But what if you could use that interface, and it would transparently use the right indexes when possible? (or even better, generate them when necessary)

Lets say we have the npm registry, and we want to retrieve all the modules written by @substack,
even though substack has written many modules, it is still less than 1% of the registry, so a full scan
would be 99% wasted effort. Lets say that the average registry document is 5k, that is 95000*0.99*5000=470mb of unnecessary reads. 475mb total.

But lets say that we indexed all the maintainers? for simplicity lets say that the average length of both module names and user names is 8 characters. Say we create an index like {username}:{modulename} and index this for every module, 95000*(8+8+1) (1 for the separator) = 1.6mb of index data. but now we just need to read through 1% of the index (since they are ordered by username we can just jump straight to substack) 950*17 = 15200 that is only 15k of unnecessary data.
So, now we only read 15200 + 950*5000 = 4.7mb

Using this index we increase storage requirements by 1.6 mb but increase read perf by 100x.

But what about a more complex query? suppose we want to find modules written by substack that depend (directly) on async? now, a simple way to do this would be scan through the modules written by substack and check whether async is in the deps. Lets say there was a time when substack used async, in 9 modules. 1% of the time. the scan costs us 4.7 mb, like before, but we discarded 99% of it.

Okay, so lets create a filter for this. udm:{username}:{dep}:{module} where module depends on dep
this index is more expensive because it has needs another 9 characters, plus we need a tag to distinguish it from the other indexes. 3+1+3*(8+1) = 29 so this index would need 2.75mb.
how much data would it save us? now we could directly read out the 9 substack modules that use async, 29*9+ 9*5000 = 45k this is 1000 times less! but here is the problem: how do we know we want to perform this query? what if we want to know all the users that depend on optimist? we'd also need a dum:{dep}:{username}:{module} index - and so on, we want our database to be really really fast,
so lets just index every pair of properties twice!

Lets say there are 20 properties on average, how many combinations of 2 properties?
(20!/(2!*(20-2)!) which cancels down to (20*19)/2 = 275), times 2 because we need 2 indexes,
gives us: 550*29 = 15950, that is 3 times the size of the document. if there where 30 properties it would be 40*39*29 = 45240. doubling the size of the document increases the size of the index 3 times,
now 9 times the size of the original document.

Now, at some point, it's better to do a scan than have another index, because the indexes take up too much space, and optimize queries that you never use.

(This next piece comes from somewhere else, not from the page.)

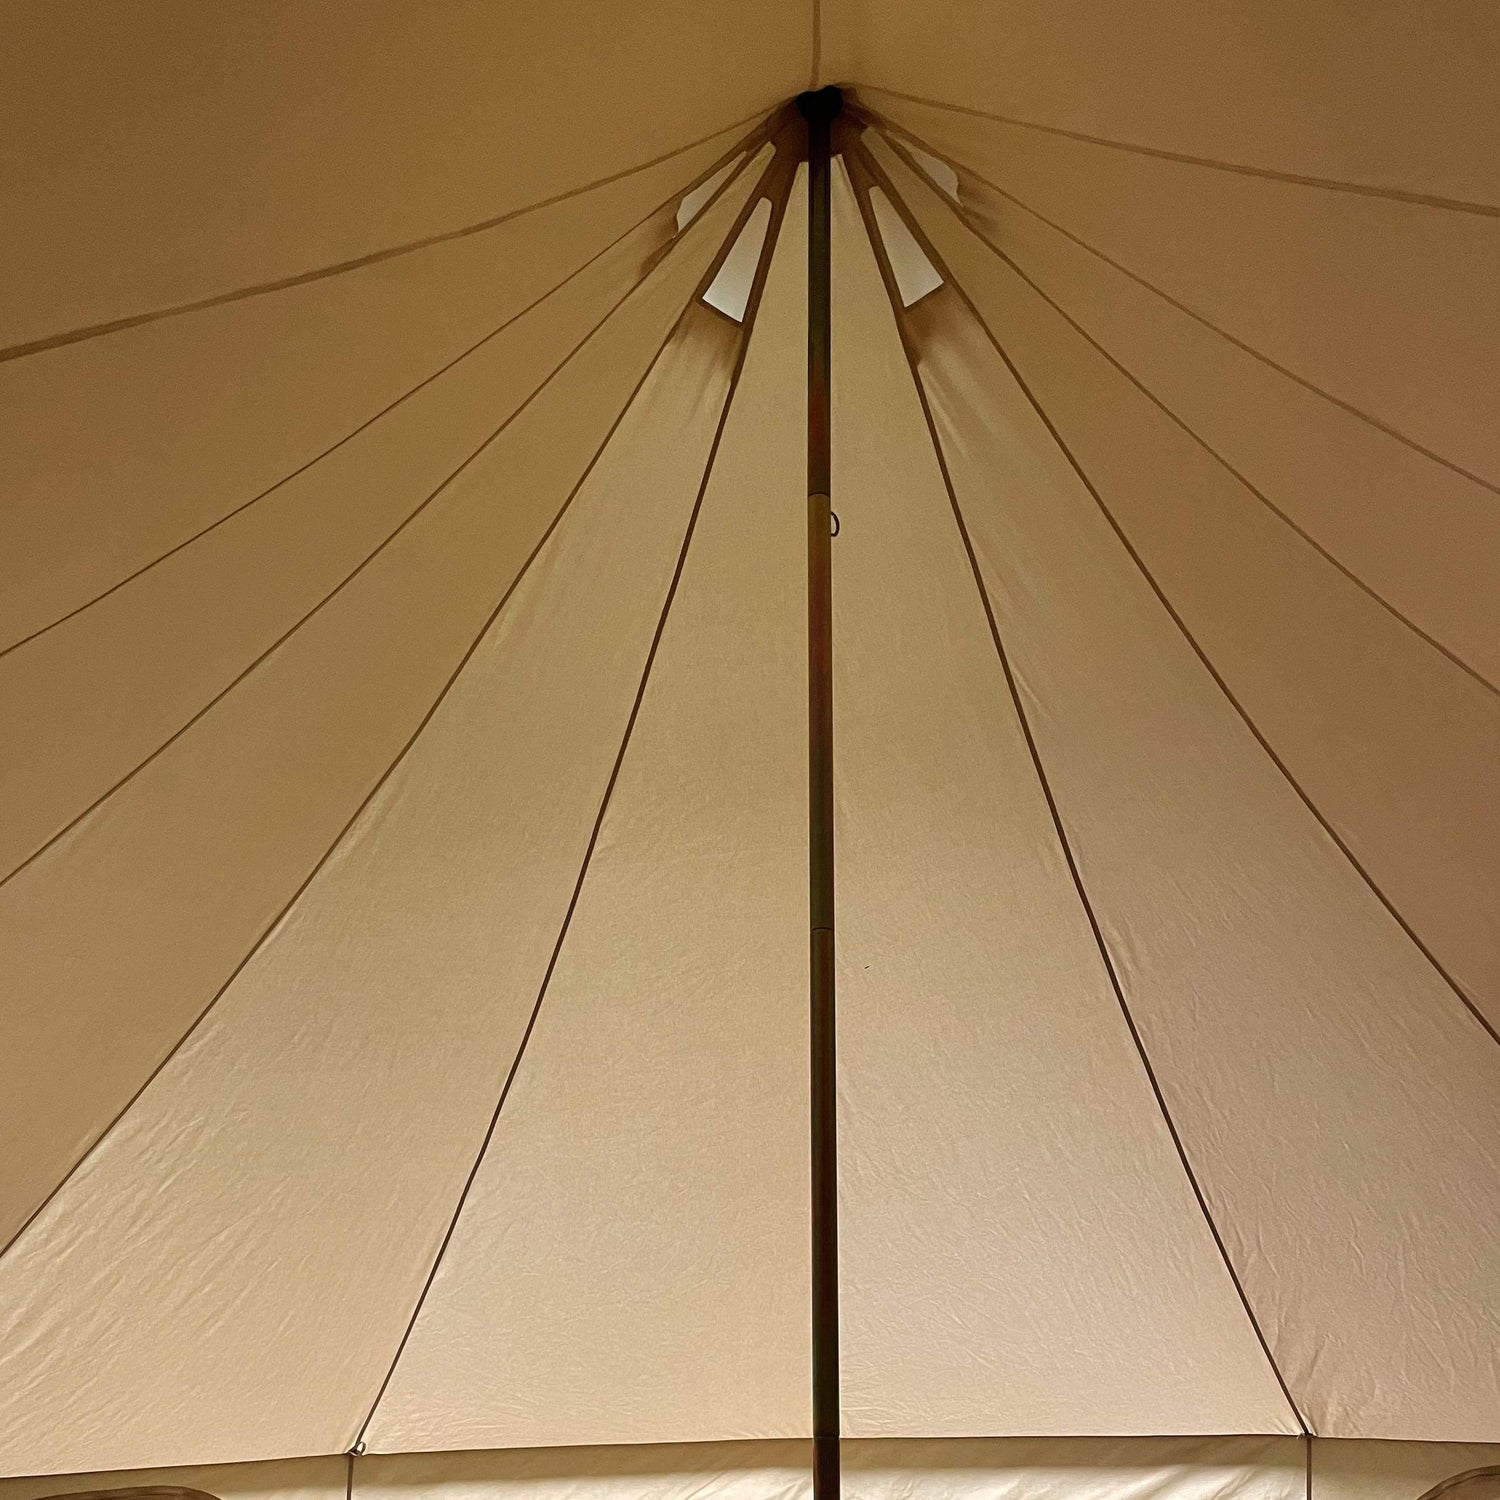 5m Bell Tent - Bell Tent Sussex

Clearly this is dependant on what sort of queries you do in practice, possibly you could have a system that automagically creates indexes when you start to use a query more. maybe even could it know when you have an expensive query?

But is there a nice way that you can gracefully transition between those?
decouple the query interface from the indexes, so you can add and remove indexes
without changing the queries at all. And measuring the efficiency of the queries,
so that you know when new indexes are needed.

The text was updated successfully, but these errors were encountered:

juliangruber · 2014-09-21T08:50:26Z

to me, it sounds like those are the steps to get there:

have the simple interface for querying

db.createQueryStream(function(value){
  return value.foo == 'bar';
}).pipe(...);

figure out what to index (how?)
maybe add an option to have this indexed, like

db.createQueryStream({ index: true }, function(value){
  // ...
})

transparently build those indexes when necesary

dominictarr · 2014-09-21T10:13:08Z

prehaps the example I should have used for the second part is where the combination of substack is a higher percentage. Lets say, substack uses optimist in 50% of his modules. the index still saves us time
29*475 + 475*5000= 2.38 mb but now, the data it saves us from reading is about the same as the data we read but didn't need to on the scan version. a 2x improvement isn't as compelling.
if we where performing this query very frequently, then we would want the extra index, but if we where casually querying occasionally, maybe not.

pgte · 2014-09-21T11:01:07Z

As I see it, the API @juliangruber proposed is not prone to optimization: this hypothetical profiling engine would need to parse the filtering function to properly understand what the intent was. And that function could contain arbitrarily complex JavaScript, which would make the job virtually impossible.

As I see it, one solution for this would be either a query language or a naming convention for the filters (which would also be a language).

Also, a quick thought: some document databases create all the combinations for the indexes by default, allowing ad-hoc queries (using something like xpath).

dominictarr · 2014-09-21T11:09:42Z

@pgte creating all combinations of indexes would be possible, but it's also something that could get out of hand with a document db, but much easier with a schema/table db because you have a fixed number of columns.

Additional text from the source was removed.